Requirement: Take nothing but the lines from the one with "FOR MEN After Shave Balsam" through the one with "Area B2B Fastbrain Engineering Srl" in the entries below, both ends kept, and return them exactly with pictures left out.

Source records:
++++++++++
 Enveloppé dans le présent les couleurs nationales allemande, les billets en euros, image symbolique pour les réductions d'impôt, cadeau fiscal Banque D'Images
++++++++++
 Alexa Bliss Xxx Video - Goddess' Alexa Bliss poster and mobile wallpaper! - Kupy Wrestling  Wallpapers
++++++++++
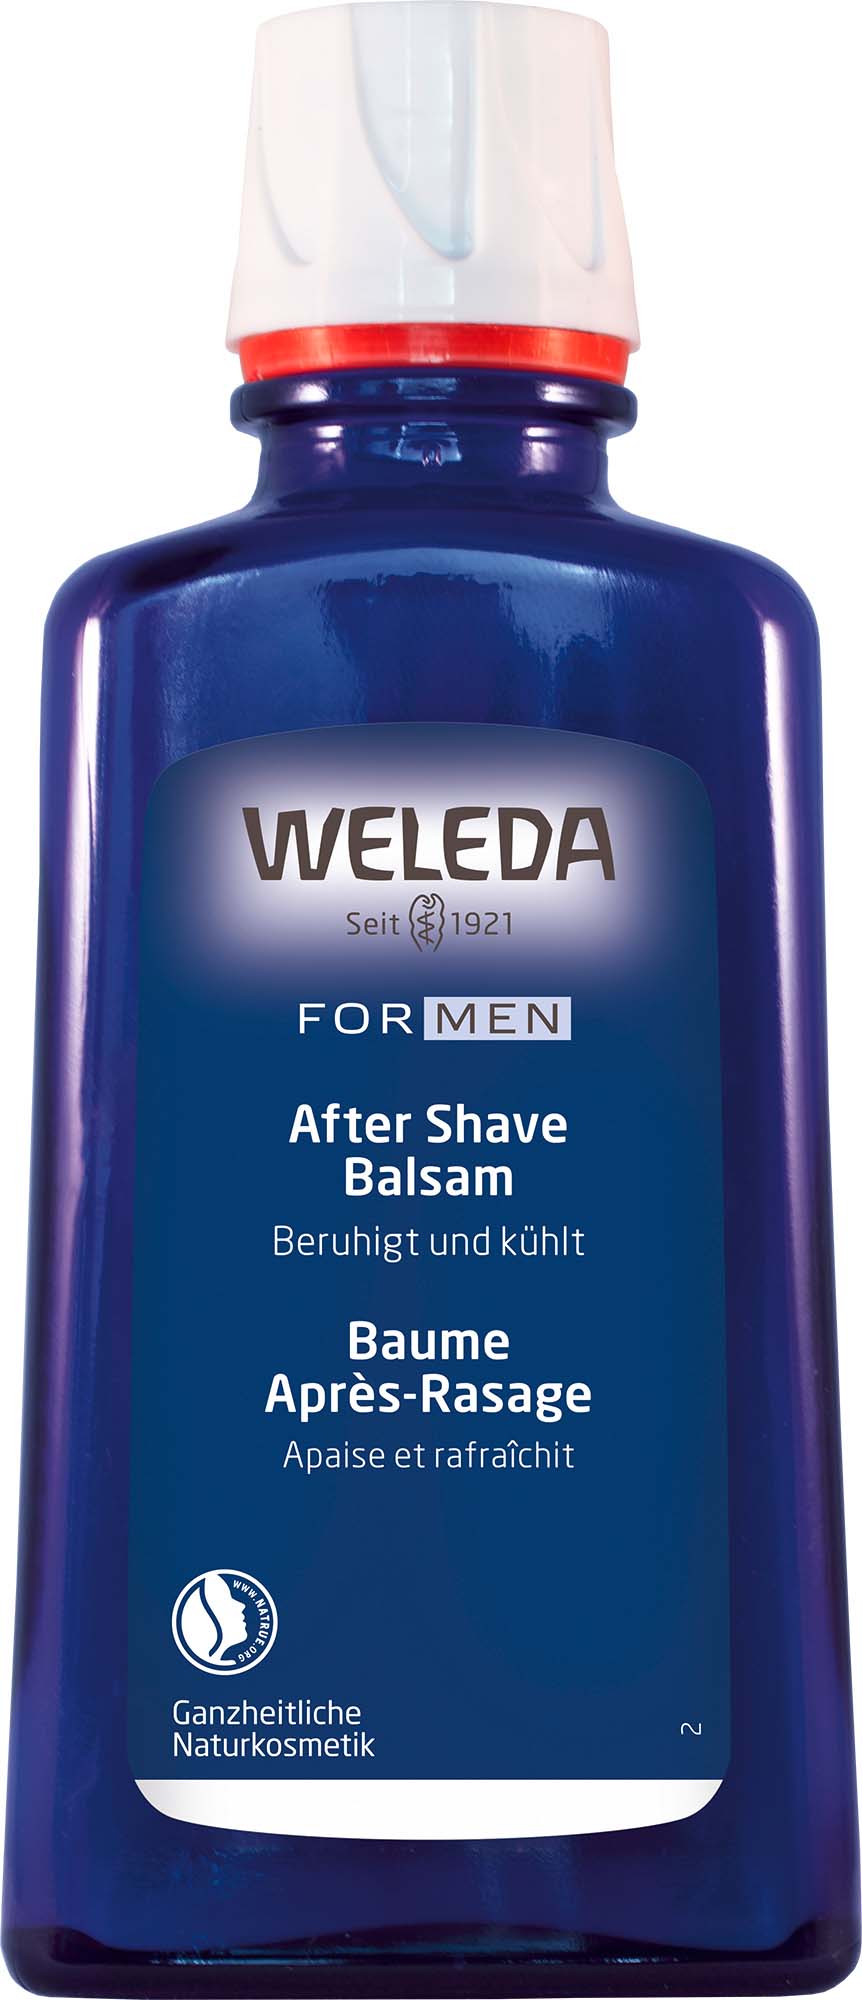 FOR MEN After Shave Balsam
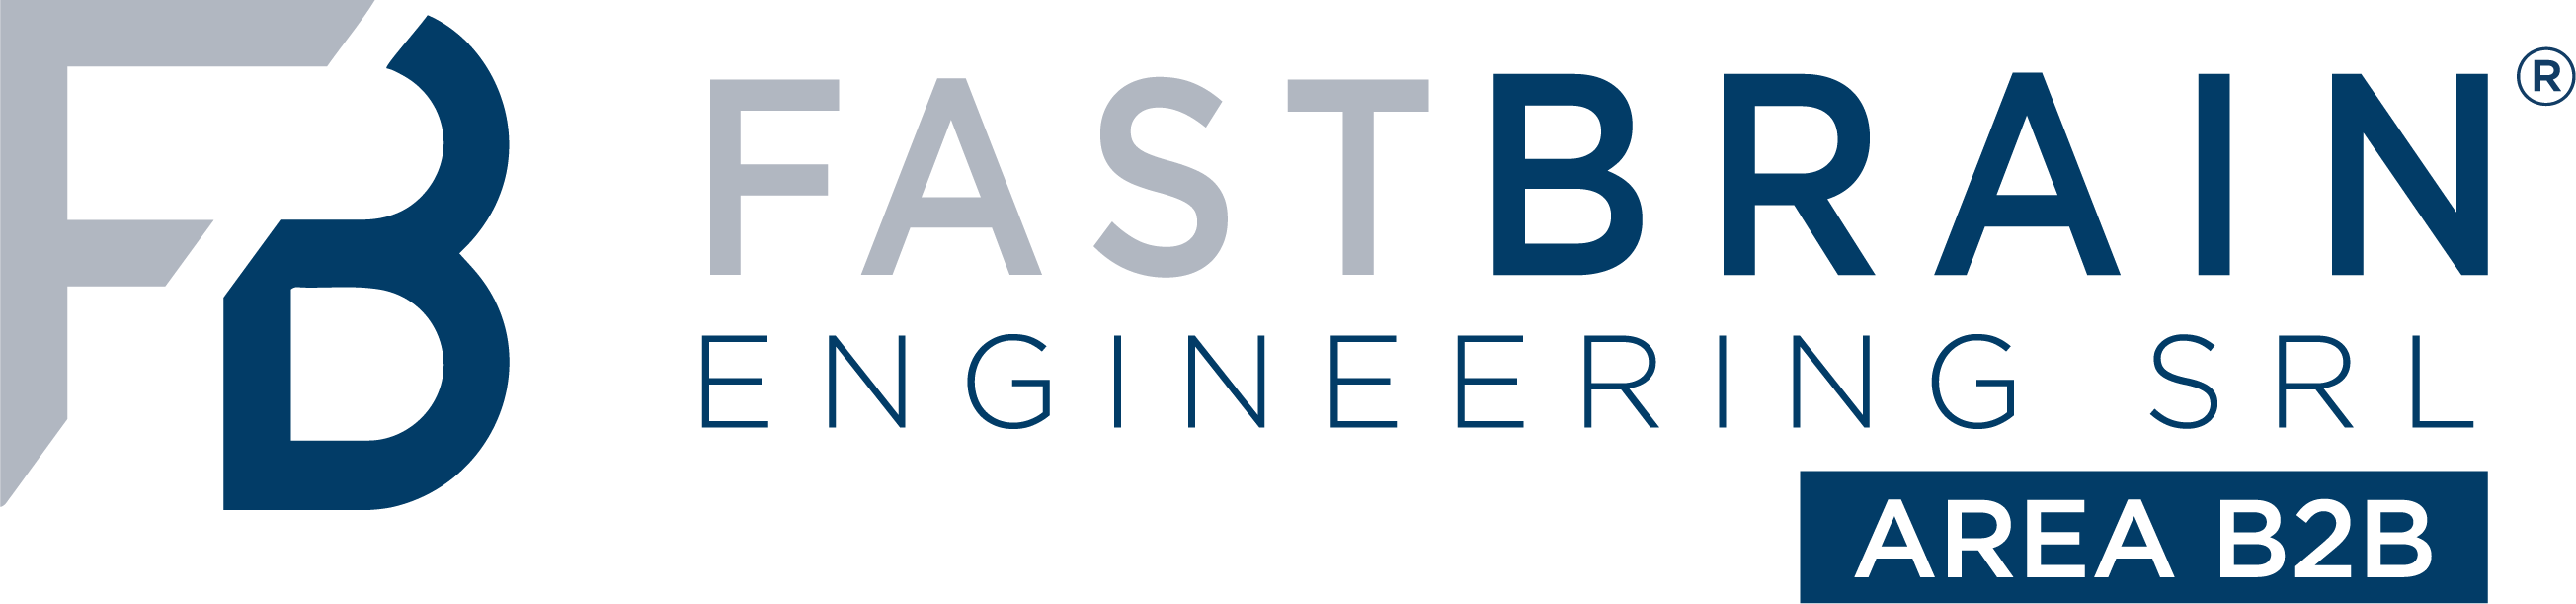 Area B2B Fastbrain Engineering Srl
++++++++++
Result of the exercise:
 FOR MEN After Shave Balsam
 Area B2B Fastbrain Engineering Srl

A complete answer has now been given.